Mom-Artist, Artist-Mom. The order doesn’t really matter as both are about creation and both are integral to my identity. And each enhances the other.
I feel like I didn’t come into my own as an artist until I had my son. The act of growing another human being inside of me and then pushing him into this world awakened my creative soul like no other thing could. I pictured him growing in my womb like the way I watercolor: start with the base, adding broad swatches of color. Then add in the larger forms, bringing shape to the piece. Grab a small brush to add in the details. Finally your painting– your baby– is ready, a complete being with lights and darks, shadows and detail, and you have birthed this new creation, this new life that now interacts with the world. (You don’t think art interacts with the world? Go see a Rothko in person. Talk about pulsating color and form that alternatively shouts and whispers at you.)
My son has made me a better artist, and my art makes me a better mom (I need to remember this last part when I feel guilty about wanting time to create). His newness and wonder at the world reinvigorates the way I see things around me, giving me new ideas and fresh ways of approaching the act of creating. Making art is a sacred act that brings out the best in me, and my son sees this. Even at his young age, he sees the value I place on art and handmade items, the conscious thoughtfulness that goes into each piece and he realizes that anything made in this way is special.

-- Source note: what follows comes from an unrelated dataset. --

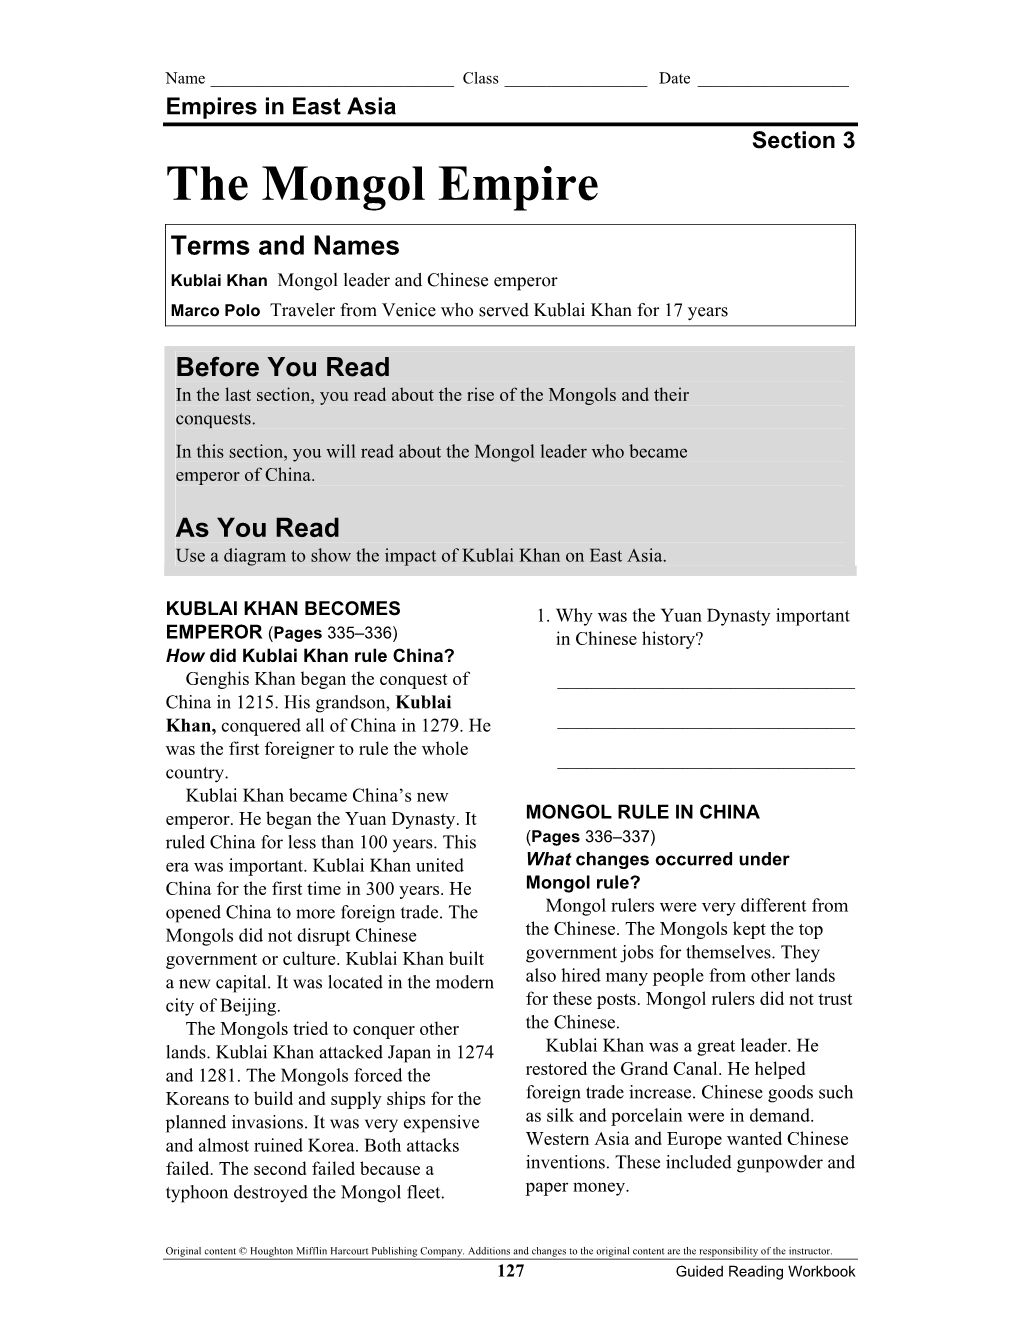 The Mongol Empire Terms and Names Kublai Khan Mongol Leader and Chinese Emperor Marco Polo Traveler from Venice Who Served Kublai Khan for 17 Years

I know this because of the delight he gets from making art and from having me make him things.
He also seems to realize that these objects made by another’s hands have stories in them– recently when he was working on one of his artistic creations he told me the colors I handed him weren’t right and that, essentially, they didn’t go with what his picture was saying.
I feel such joy when I see him create. He inspires me to no end, and I am blessed that I have him beside me on this artistic journey.